= Beginning of Section =

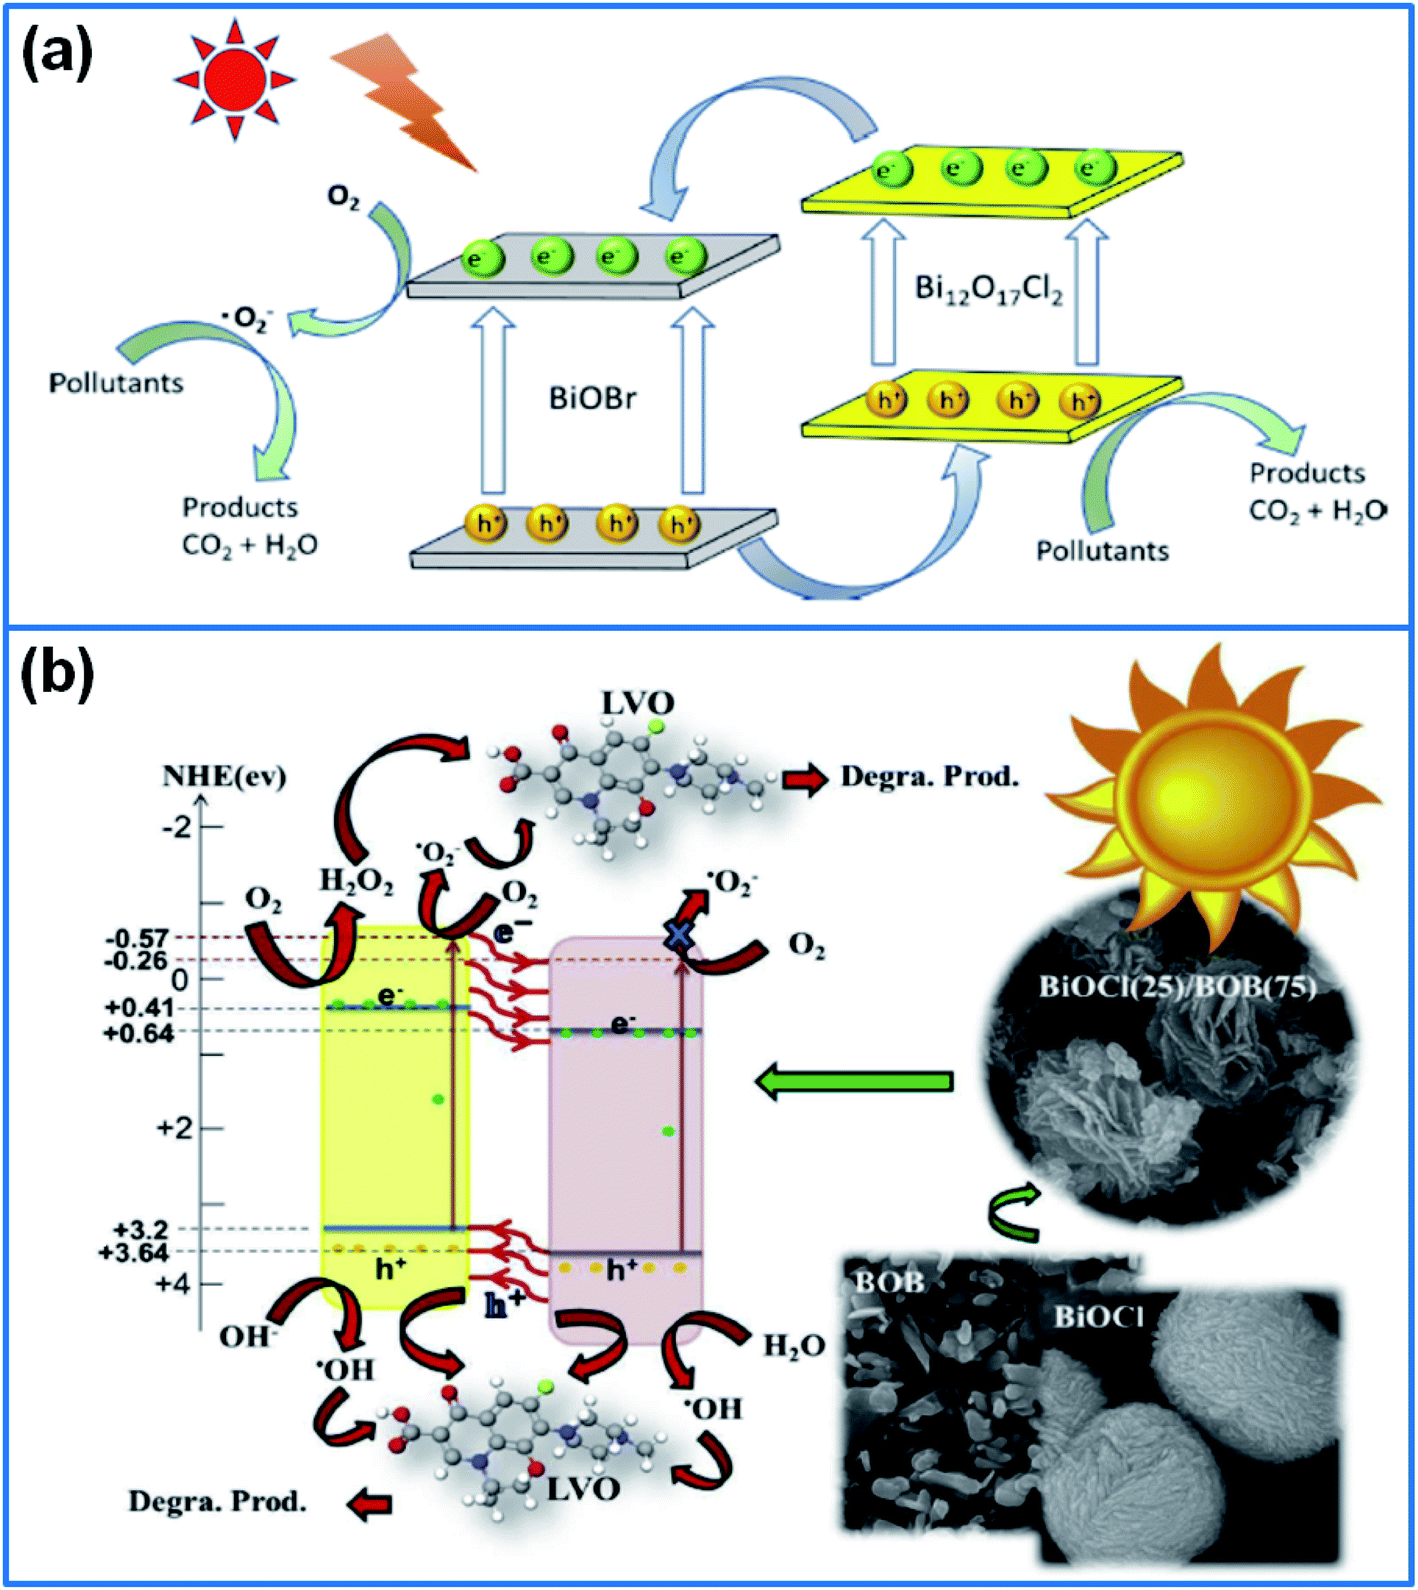 Recent advances in bismuth-based photocatalysts: Environment and
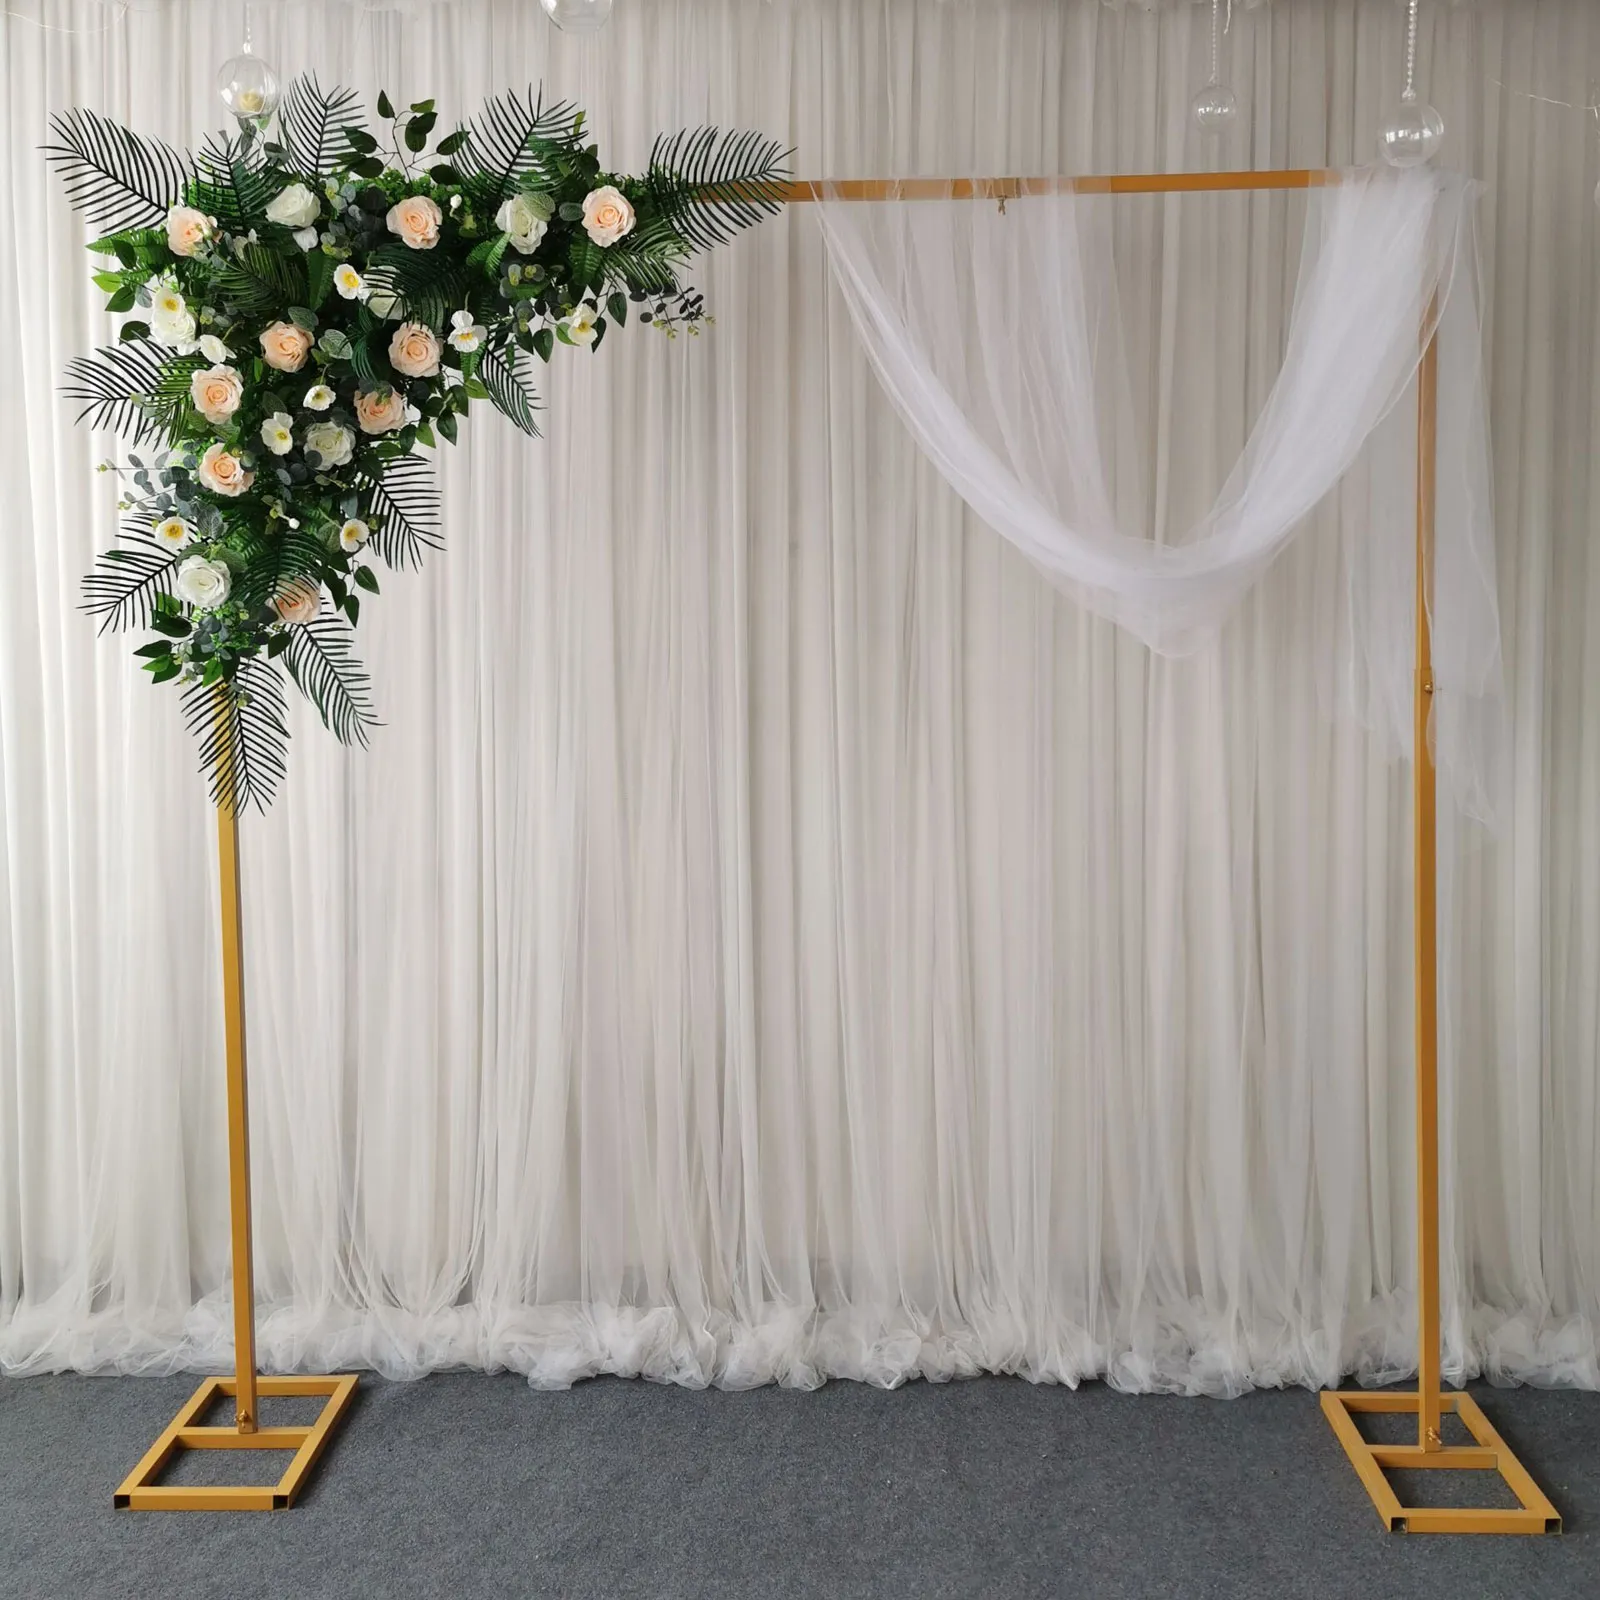 High Quality Wedding Background Arch Frame Iron Flower Balloon Stand Backdrop Venue Decoration Party Application Beautiful Arch
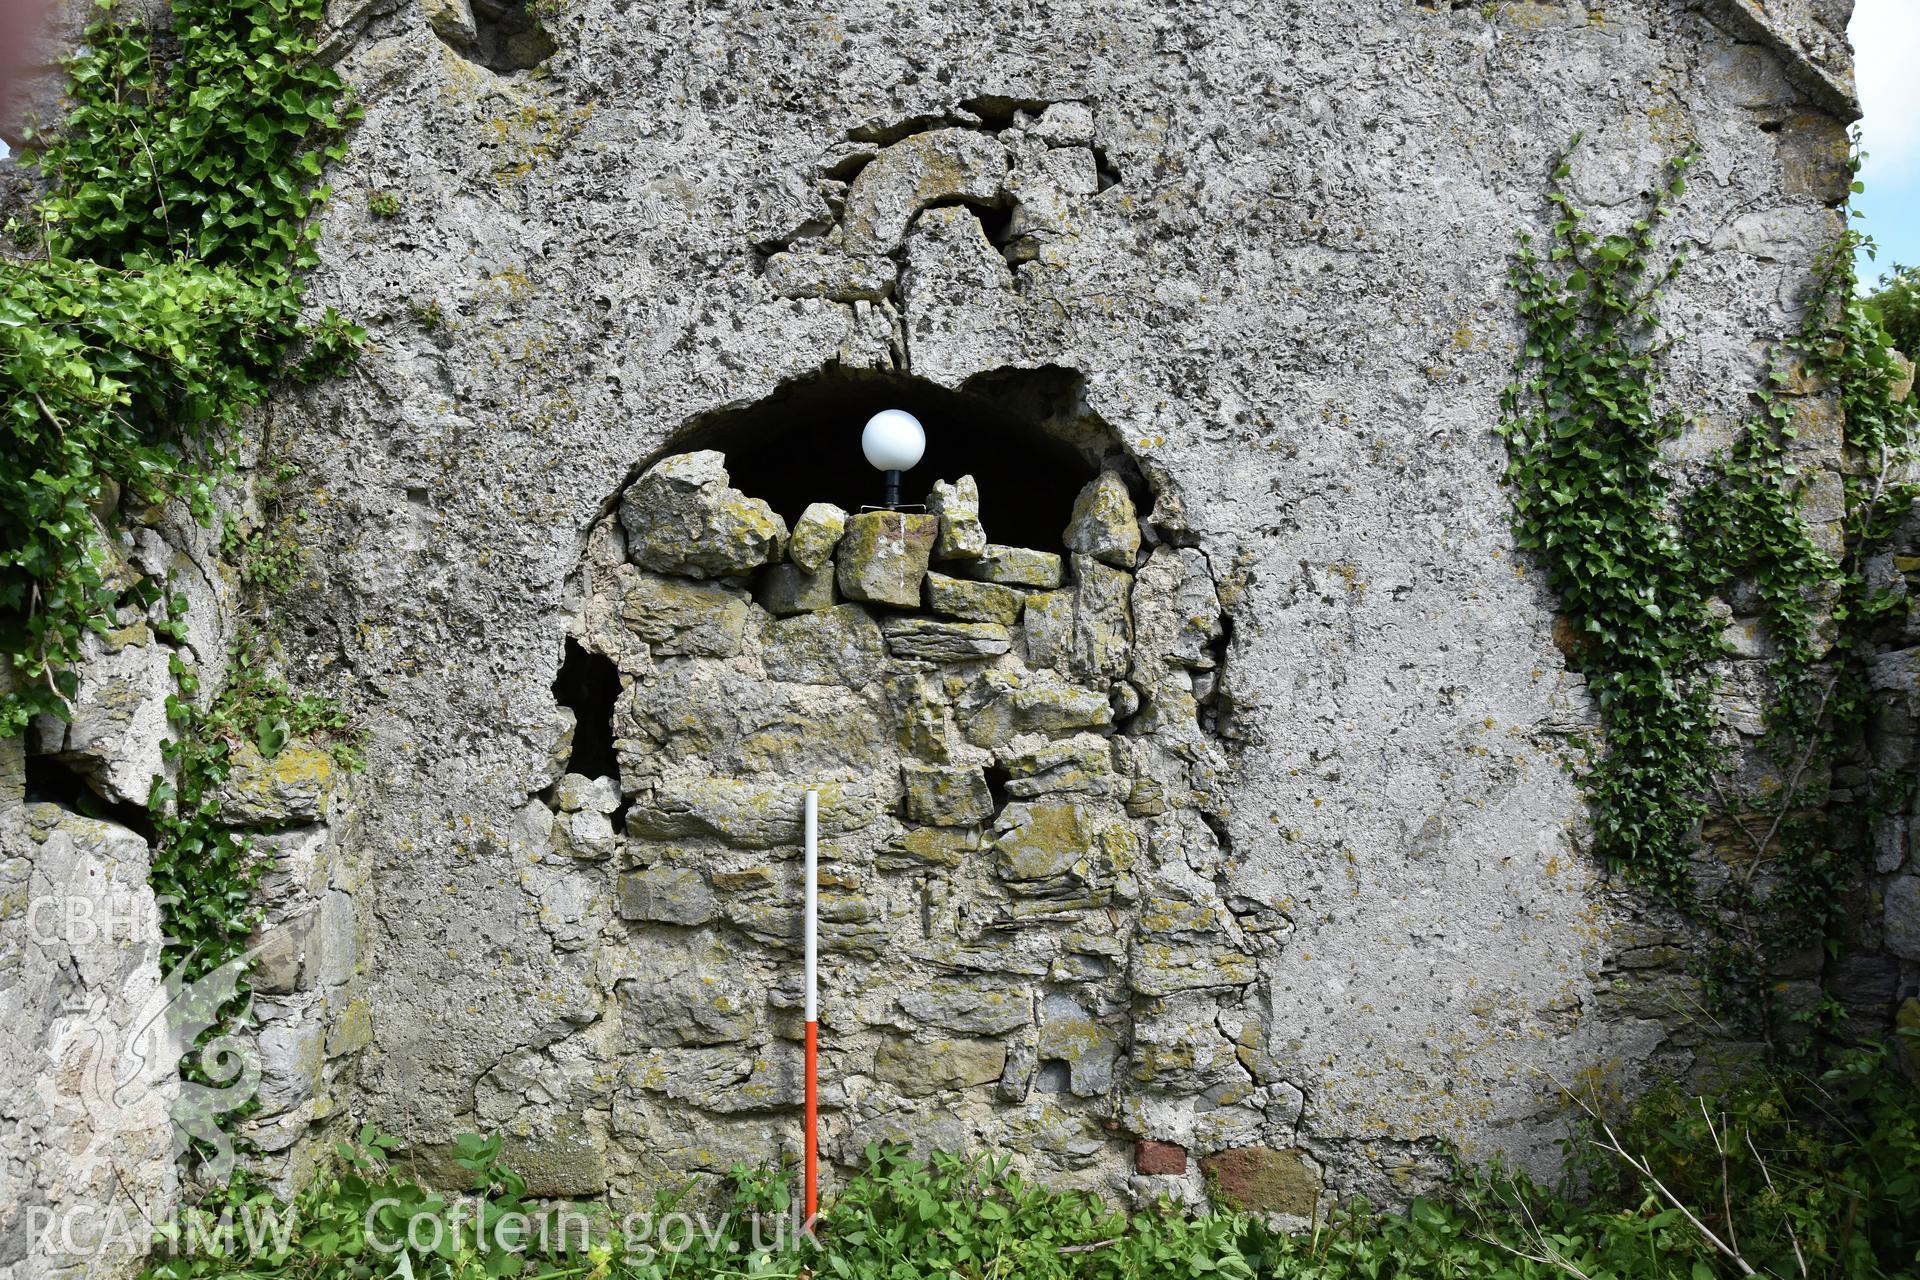 Investigator's photographic survey of the church on Puffin Island or Ynys Seiriol for the CHERISH Project. View from south showing the blocked archway into the tower from the transept on the south side. ? Crown: CHERISH PROJECT 2018. Produced with EU funds through the Ireland Wales Co-operation Programme 2014-2020. All material made freely available through the Open Government Licence.

= End of Section =

If a line holds a picture, skip the picture and transcribe the rest of the material exactly.

== SOLVED EXERCISE ==
 Recent advances in bismuth-based photocatalysts: Environment and
 High Quality Wedding Background Arch Frame Iron Flower Balloon Stand Backdrop Venue Decoration Party Application Beautiful Arch
 Investigator's photographic survey of the church on Puffin Island or Ynys Seiriol for the CHERISH Project. View from south showing the blocked archway into the tower from the transept on the south side. ? Crown: CHERISH PROJECT 2018. Produced with EU funds through the Ireland Wales Co-operation Programme 2014-2020. All material made freely available through the Open Government Licence.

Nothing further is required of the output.